Symptoms of generalized anxiety disorder vary from person to person but you may feel

  • continually restless or worried

  • have trouble concentrating or sleeping

  • have physical sensations of increased heart rate, unexplained tiredness, dry mouth, cold hands and feet, digestive problems, dizziness, nausea, difficulty breathing, muscle tension, aching body, pins and needles especially in hands and feet.

  • a sense of panic

  • feeling on edge

  • irritability

  • loss of confidence

Although some these symptoms might be normal to experience in your daily life occasionally, people with GAD will experience them persistently and find that it disrupts their daily lives.

If you feel like this it may be worth seeing your GP/Doctor to rule out any other underlying health concerns, once these are ruled out and your GP/Doctor thinks that its possible you have GAD you may be offered Cognitive Behavioral Therapy and/or medication.

There are also steps you can take to support yourself alongside what your GP may recommend, and also to help you cope while waiting for a diagnosis of GAD and if waiting for treatment is taking a long time.

These include

Checking for a breathing pattern imbalance

Due to anxiety your breathing pattern may change to a shallow fast breath, this type of breathing also leads to feelings of anxiety as the biochemistry of your body changes due to the carbon dioxide and oxygen imbalance of your system. It can create a loop that feeds the anxiety. So changing the way you breath can help tremendously.

Assessing your posture

Your posture may change due to the way you feel and it can also influence the way you feel. Anxiety sometimes leaves you feeling less confident and more closed down and this reflects in the way you hold your body. Also a poor posture, slumping, holding your head forward and rounding your shoulders inwards all impact on how you breath, which also effects your digestion and lymphatic system due to the restiction in the free movement of the diaphragm and the lack of space for the ribcage to fully expand. Often this slumped posture means you use your accesory breathing muscles as your main way to breath, which leads to discomfort and stiffness in the neck and upper shoulders.

Learning a safe way for you to relax

Sometimes trying relaxation classes or meditation can actually increase your anxiety. Its called Relaxation Induced Anxiety. This can be quite alarming and put you off trying to relax, there are specific safer ways to begin to practice relaxing that do not trigger feelings of anxiety.
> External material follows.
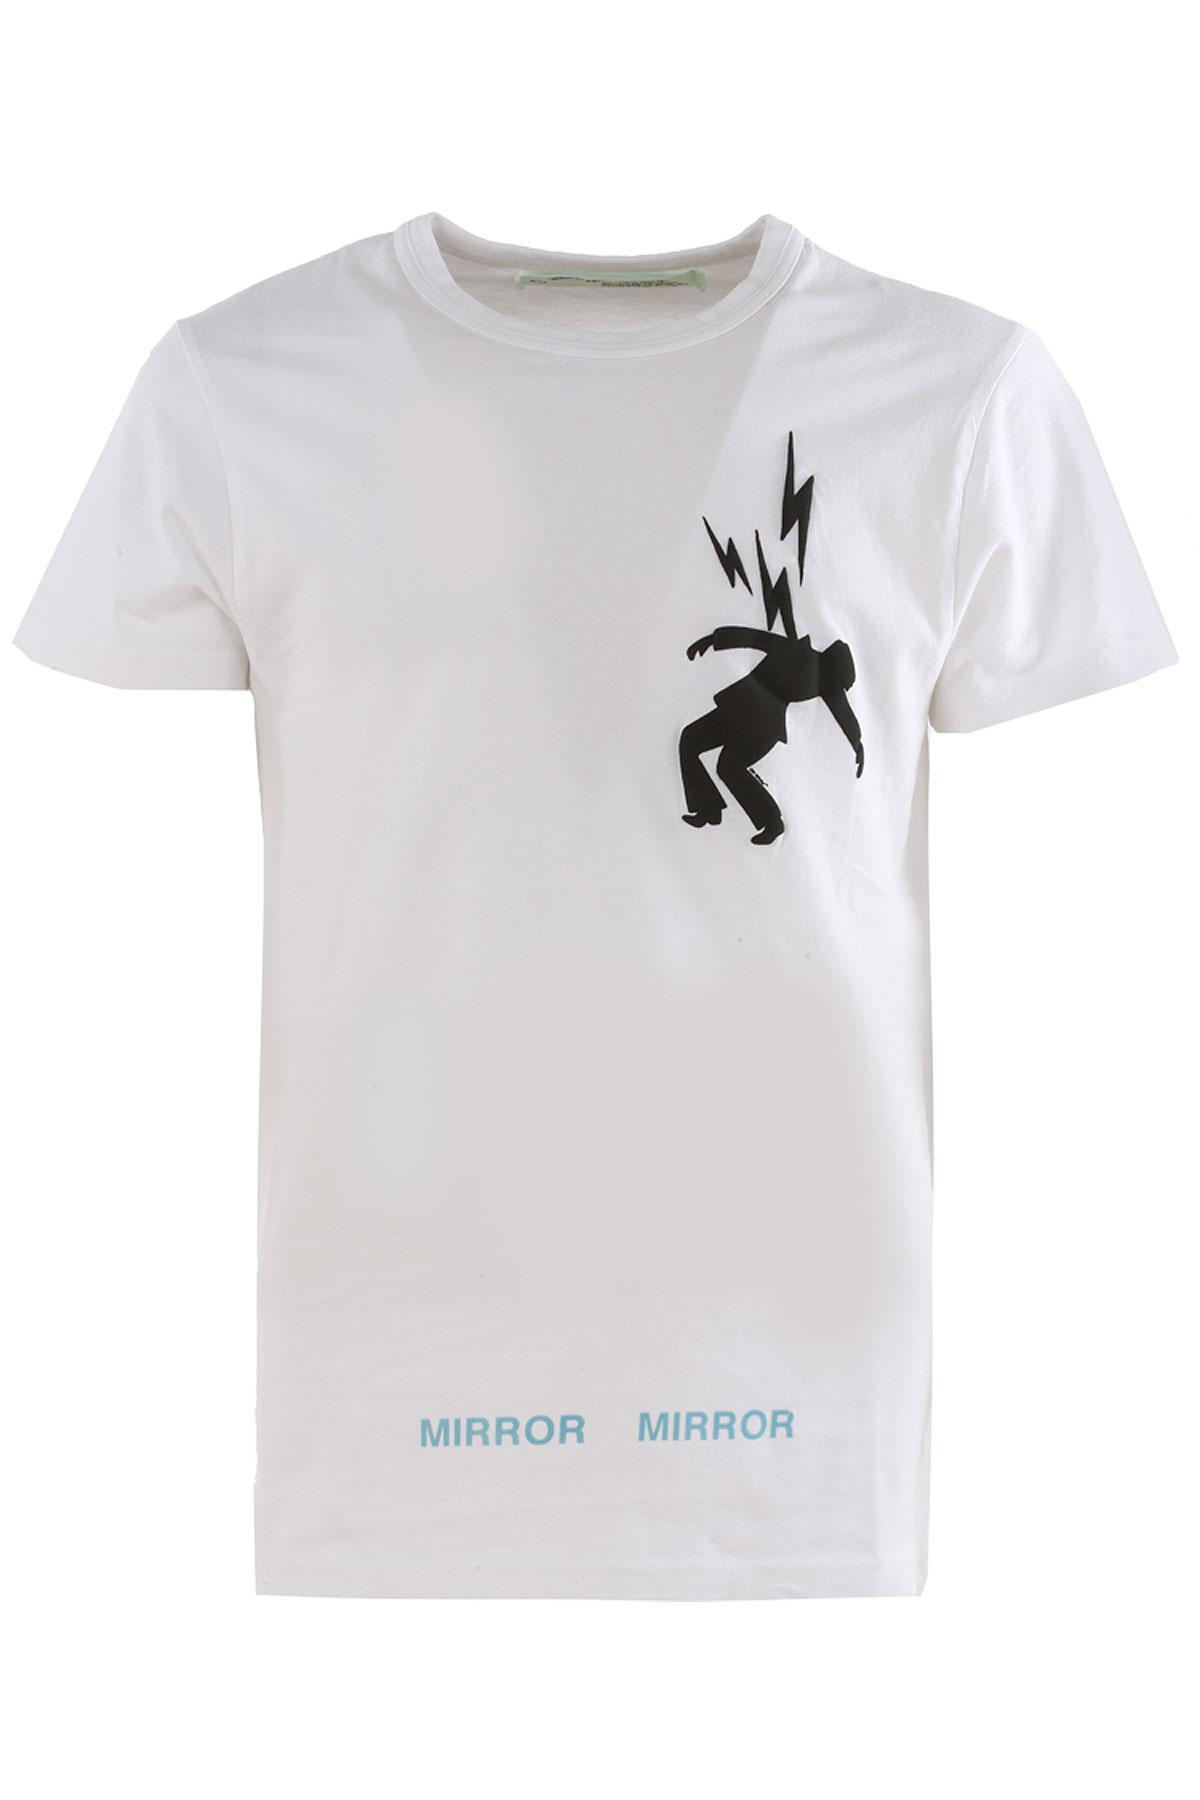 50fa136646 Off White Virgil Abloh T Shirt Sale | Saddha

I will be providing you with further information in a series of blogs looking at a selection of ways you can manage stress and anxiety with breathing, grounding, relaxation and guided visualization techniques for you if you are experiencing anxiety and explain why you might be feeling worse when you make attempts to relax that seem to work for everyone else.

Look at what you are eating and drinking

Are you drinking alot of coffee or caffinated energy drinks? high consumption of caffine can create similar symptoms that are linked linked to anxiety such as dizziness, heart palpitations, and stomach upset. Coffee can benefit your health in moderation, improving mental alertness and may slow down mental decline, so try reducing your intake to one or two cups early in the day. Green tea is a healthier alternative much lower in caffeine and with added benefits.

Most of us turn to sugar when we’re stressed and this may be because it temporarily suppresses the release of cortisol. Unfortunatly this quick fix can make us more susceptible to depression. A healthier option if youre craving something sweet would be some dried fruit with a small amount of raw nuts, such as combining raisins and pistachios.  

Even if you are eating relativily healthily it is a good idea to supplement your diet with with magnesium if you suffer with anxiety as it has been shown to improve sleep, lower symtoms of stress and the digestive discomfort that is sometimes linked (Sartori et al.)

Another recommendation is to introduce probiotics into your daily diet by eating fermented foods and yogurt. You can also take probiotics as a supplement. Again it has also been shown to reduce anxiety and depression.

These are a few ways you can take action to support yourself. Explore what works for you to manage your anxiety.